If Australia’s politicians were brave they would consider nuclear energy.
This was the view last week of Matt Howell of Tomago Aluminium. He emphasised the vital nature of secure, constant, guaranteed power supply — the sort required by an energy-intensive facility which employs nearly a thousand people.
Without fail, this call was derided by someone from the old no nuclear camp. In this case, Labor’s Pat Conroy MP.
…it would take 15 years to build up a nuclear industry and secondly, the levelised cost of energy for nuclear is well above the cost of renewables.
This response obviously shirked the main issue, the vital requirment of an industry like aluminium: guaranteed constant supply. This is something which every serious commentator agrees can’t be supplied by what Mr Conroy means by renewables: solar and wind. Not by themselves.
So, to hypothetically and directly compare the nuclear energy Mr Conroy dismisses with, say, the solar he favours, we might imagine adding the storage he’s clearly quite keen on. And not just a bit to helpfully shift solar generation into peak demand times, but much more, enough to arguably simulate ‘baseload’.
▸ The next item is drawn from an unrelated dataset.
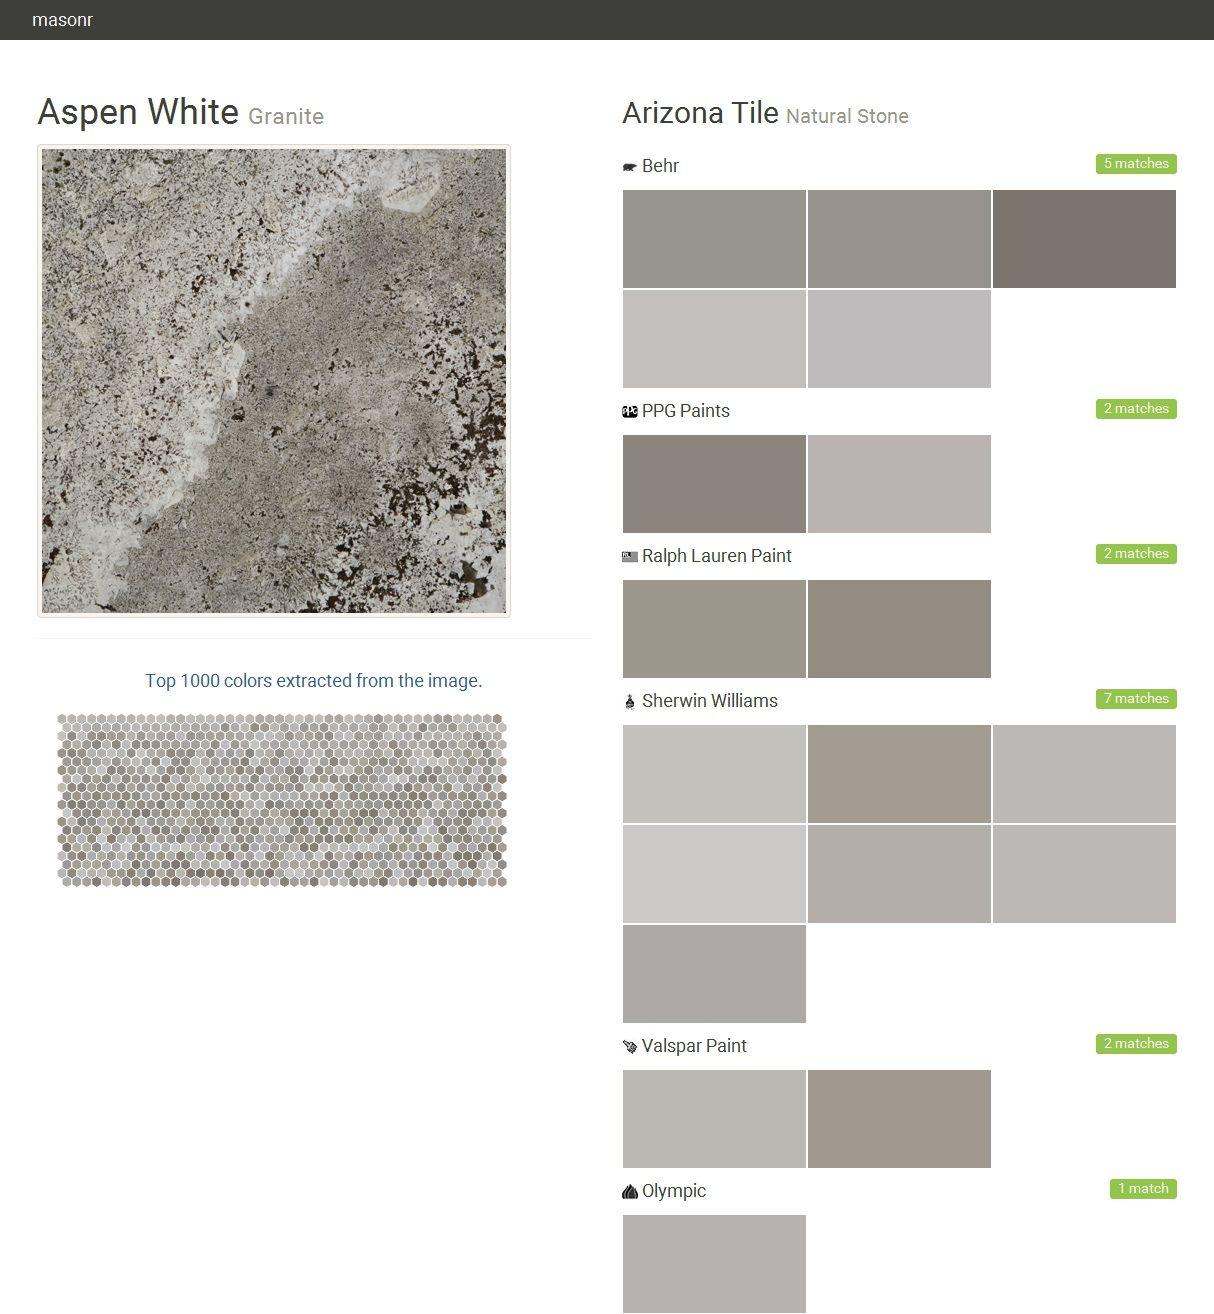 Aspen White Granite Natural Stone Arizona Tile Behr

A serious solar farm like Nyngan in NSW has a capacity of 100 megawatts and generates for about a third of the day in good weather. That leaves 100 MW x 16 hours = 1,600 MWh of remaining demand to be met from what was stored that day (for now, let’s ignore the second and third solar farms required to charge that storage). Supporting information to the recent Finkel Review has provided assumptions regarding the dominant and most deployable and popular battery technology that could potentially provide this storage: lithium ion batteries.
Adding that 1,600 MWh (1,600,000 kWh) storage today would apparently cost $960 million. Waiting till after 2025 would drop it to under $480 million — but then, with an expected replacement timeframe of about 10 years this on-going cost is unavoidable. It’ll be well past $1.5 billion spent by the end of the solar plant’s 30 year rated life, just for the batteries at the assumed falling cost, to hypothetically simulate only 100 MW of ‘baseload’ supply. Accounting for conversion losses, poor weather and winter conditions, even more battery capacity would beinevitably required.
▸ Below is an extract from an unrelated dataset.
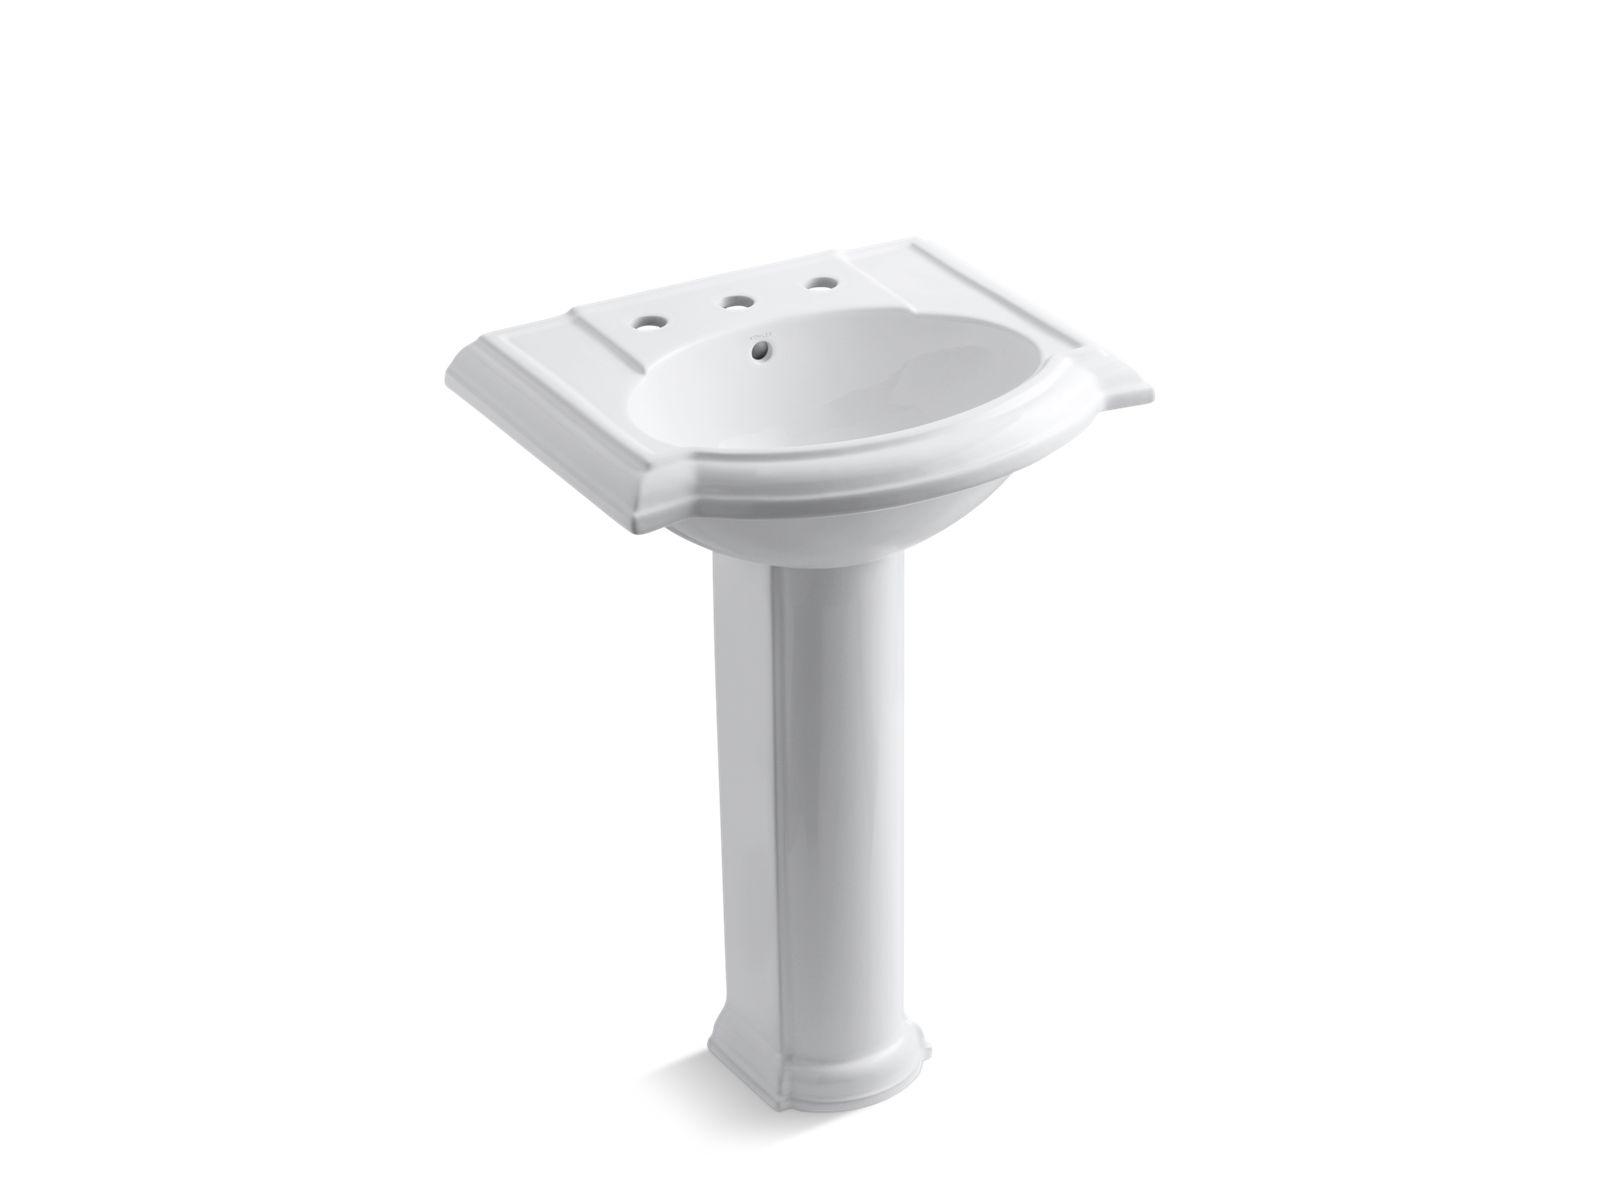 k 2286 8 devonshire pedestal sink with 8 inch centers kohler

But this is just one solar farm. And there are centers of heavy industry all over Australia, besides the constant electricity demand from the rest of the population. How much more battery storage could we be talking? A ballpark figure was actually estimated in 2015 at the WattClarity blog: 992,000 MWh.
Saving money by installing all these batteries around 2032 would still cost about $220 billion. 2032 is in 15 years, in which time we could apparently have a nuclear industry in place.
This is why, if storage is the crutch of one’s preference for renewable energy, falling costs don’t actually help much.
What does all this hypothetical storage mean for the levelised cost of energy which Mr Conroy relies on? The LCOE metric is often misused in this way, and even analyses which, on the face of it, support his assertion on costs also caution against his dismissal of ‘baseload’ supply technologies.
Even though alternative energy is increasingly cost-competitive and storage technology holds great promise, alternative energy systems alone will not be capable of meeting the baseload generation needs of a developed economy for the foreseeable future. Therefore, the optimal solution for many regions of the world is to use complementary traditional and alternative energy resources in a diversified generation fleet.
In an era where 1000 megawatt class nuclear units are being offered in our region for USD$2.5 billion, and next-generation small modular reactors will be ready in such a timeframe, we need bravery insead of technological comfort zones which crumble under scrutiny. We need to include options which won’t break the bank, and which will serve our needs for at least a generation.